By Martyn Day, editor, CADserver, July 17, 2003

See Also

·  Autodesk website  ·  OpenDWG Alliance website  ·  TopTen AutoCAD 2004 Sites - by TenLinks · Autodesk Directory - by TenLinks.com · Autodesk Reading Room - by CADdigest.com

On April 1st, 2003, the OpenDWG Alliance publicly announced that its users were having trouble reverse-engineering the new AutoCAD file format. The reason for the problem, the group claimed in its press release, is that Autodesk had used complex compression, together with data encryption techniques: "the inclusion of data encryption and compression schemes within the new file format has created serious challenges to DWG data interoperability."

This is a serious accusation. What’s most significant is not the mention of file format compression (most file formats are compressed) but the allegation that the DWG file is actually "encrypted." All sorts of negative and nefarious connotations could arise from the suggestion that Autodesk has adopted encryption; namely, that the company is trying to lock in its users and keep out the competition, since opening a file would require every user to possess a valid copy of Autodesk software.

For those not up on the wonderful world of data interoperability, the OpenDWG Alliance was born out of the need of Autodesk's competitors to reverse-engineer AutoCAD's DWG file format. To become a member, you have to tell the OpenDWG Alliance all you know about the DWG format, pay a yearly fee and in return receive the DWG libraries that its programmers generate. The OpenDWG's goal is to make DWG an open standard "usable by all programs that need to access valuable DWG data." Needless to say, with proprietary file formats being seen as a competitive advantage, Autodesk isn't a member (the de facto standard, DWG files are estimated to number some 3 billion). In my talks with Autodeskers though, they wryly point out that they would join the Alliance if they were to receive libraries of all the other member's proprietary CAD products in return (those by Bentley, EDS, PTC, Graphisoft, Nemetschek, ESRI. and CADKEY to name a few).

After reading the Alliance's release, I spoke with Evan Yares, the group's president and executive director. Yares was convinced that Autodesk had chosen to encrypt the DWG file, despite assurances from Autodesk representatives that they had not. He sent me a DWG file with a corresponding Hex dump, with an explanation of how this demonstrated Autodesk's encryption. Unfortunately, not being a programmer, the evidence was somewhat hard for me to digest.

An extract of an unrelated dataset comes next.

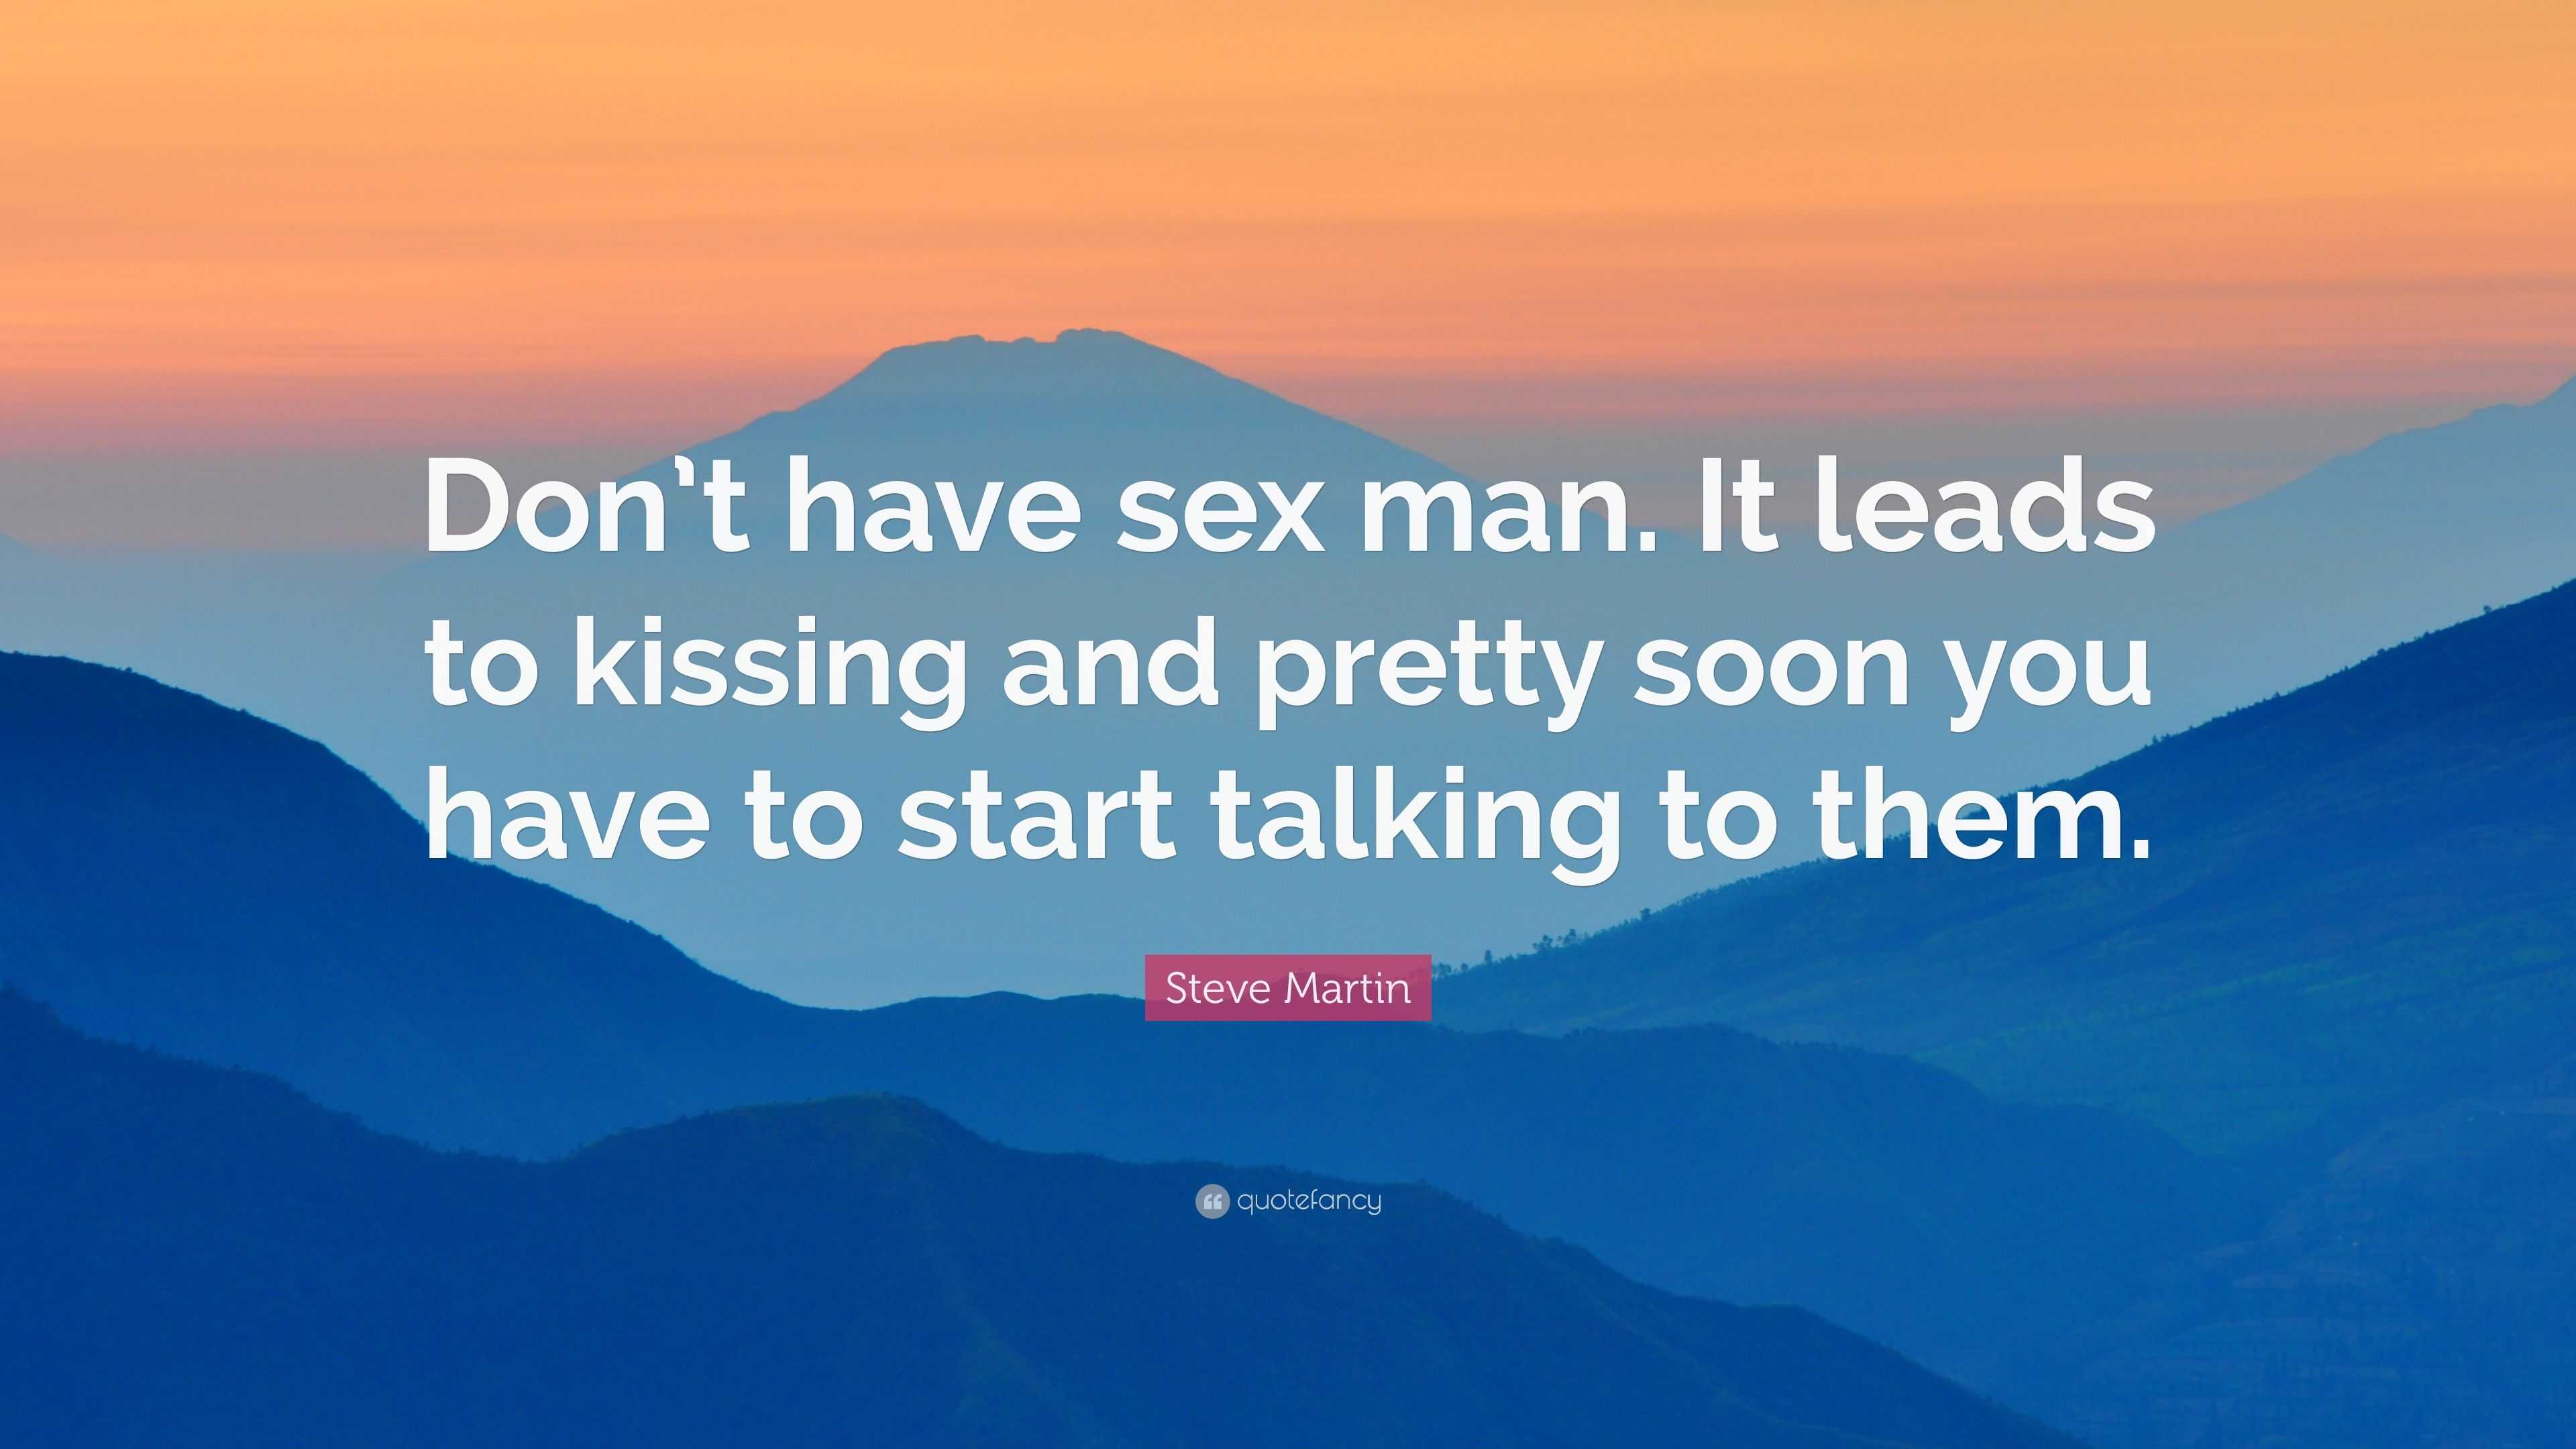 Steve Martin Quote “don’t Have Sex Man It Leads To Kissing And Pretty Soon You Have To Start

In an issue of the upFront.eZine newsletter, the OpenDWG Alliance made specific technical claims concerning the compression algorithm: "Rather than having a single compression type, each object type appears to have its own individual algorithm, with a large number of special cases. Object compression is controlled by a 32-bit flag, which provides for billions of possible permutations. OpenDWG has reverse-engineered the compression algorithms for some objects, but substantial work remains to be done." And on the encryption issue, the group stated: "Both the file and section headers are encrypted, but in different manners from each other. While OpenDWG has been able to determine the algorithm used for both, it has not been able to determine if the encryption keys used to scramble the data will remain static, will change in each point release of AutoCAD, or will ultimately be changed dynamically under program control." (See DWG 2004 - Tougher Than Thought.)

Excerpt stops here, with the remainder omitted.